What is the significance of the U.S. Supreme Court's announcement Monday that the court would not consider a request from Michigan Attorney General Mike Cox to re-open a century-old case challenging Chicago's diversion of Lake Michigan waters?

It means states would need to file suit in federal court in Illinois to force the closure, which could take years. It means the Obama administration, which argued that the court should not take the case, has assumed some responsibility for the carp's future as Solicitor General Elena Kagan contended the Army Corps of Engineers and other federal agencies had the problem handled. It means that the controversial case — which dates back to when Chicago reversed the flow of its river and moved water from Lake Michigan to the Mississippi River system — is still an issue for the Midwest. Missouri originally challenged Chicago's diversion of the river at the time, in part, because of sending pollution down the river. Chicago's "control" of the waterway and refusal to do what its neighboring Great Lakes states are asking now is the latest round in this historic dispute.


What other political efforts are being made?

Governors of most of the Great Lakes states, including Michigan's Jennifer Granholm, have urged Illinois to close the Chicago canals and the locks. Bills are pending in both houses of Congress to direct the U.S. Army Corps of Engineers to close the locks and separate the Great Lakes from the Illinois rivers. Michigan legislators this year have begun holding public hearings and urging constituents to write to the White House, which so far has favored controls, not waterway closure.


Is President Obama favoring his adopted home state?

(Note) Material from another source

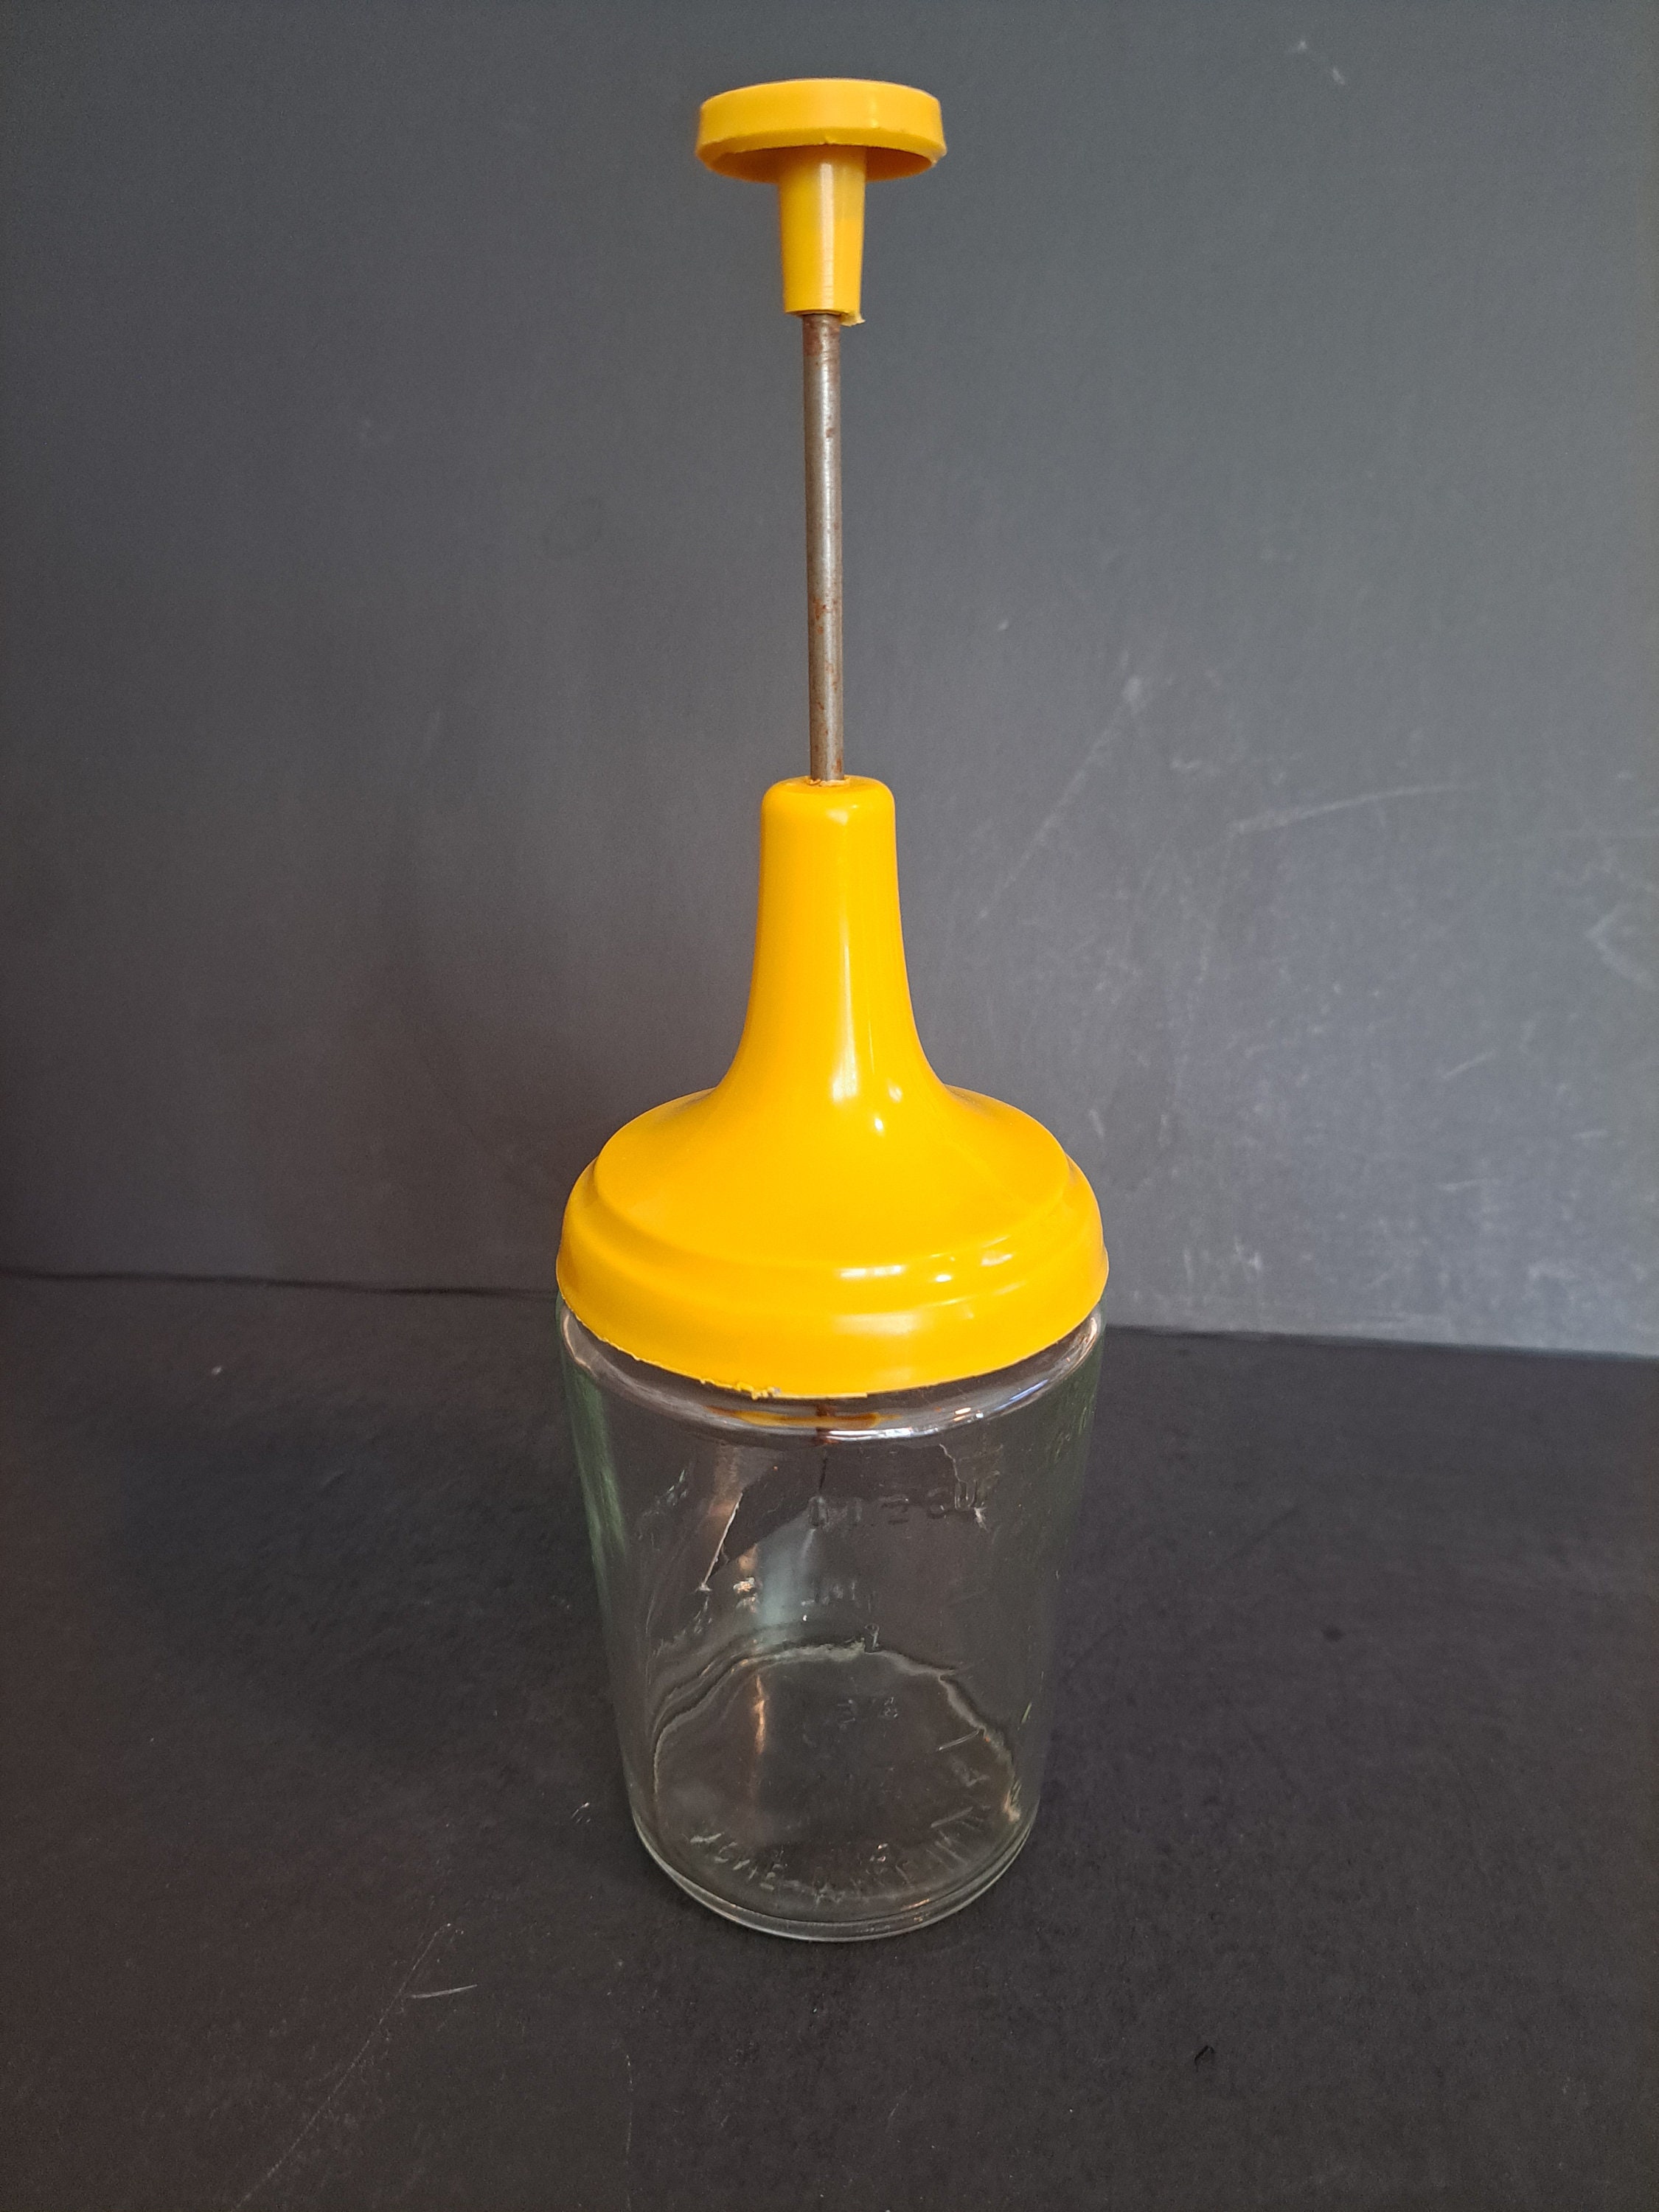 Vintage Nut Chopper Grinder Manual Hand Crank Glass Jar Plastic Measuring  Lid

Many make that claim. He has sided with Illinois and publicly spoken against lock closures. He did hold a White House summit in February that was attended by several Great Lakes governors and has supported $78.5 million toward carp control.


If we can't beat 'em, can we at least eat 'em?

Yes, although Americans generally prefer firmer fish. Still, an article titled "Can China eat enough Asian carp to save the Great Lakes," recently published in OnEarth, the online magazine of the Natural Resources Defense Council, detailed some of possibilities, including gefilte fish, in which bones are ground up with the meat. In China, Asian carp are very popular, and as rivers there are overfished, large fish aren't available. The Big River Fish Co., in Pearl, Ill., processes millions of pounds of fish a year, shipping as much as 40,000-pound containers of frozen Asian carp. They've got a contract for 30 million pounds to go to China.


What do they taste like?

Kevin Irons, from the Illinois Natural History Survey, reports the bighead carp are "actually pretty good eating, if bony." While the prevalence of bones makes processing them a bit more expensive, there may be a market for the fish as menu items.

For a dinner party, Irons served them deep-fried in cornmeal, along with yellow perch and trout. "People wanted to try it," he says. They're a fattier fish. "If you trim off the fattier meat in the whole process of filleting, it is very good eating."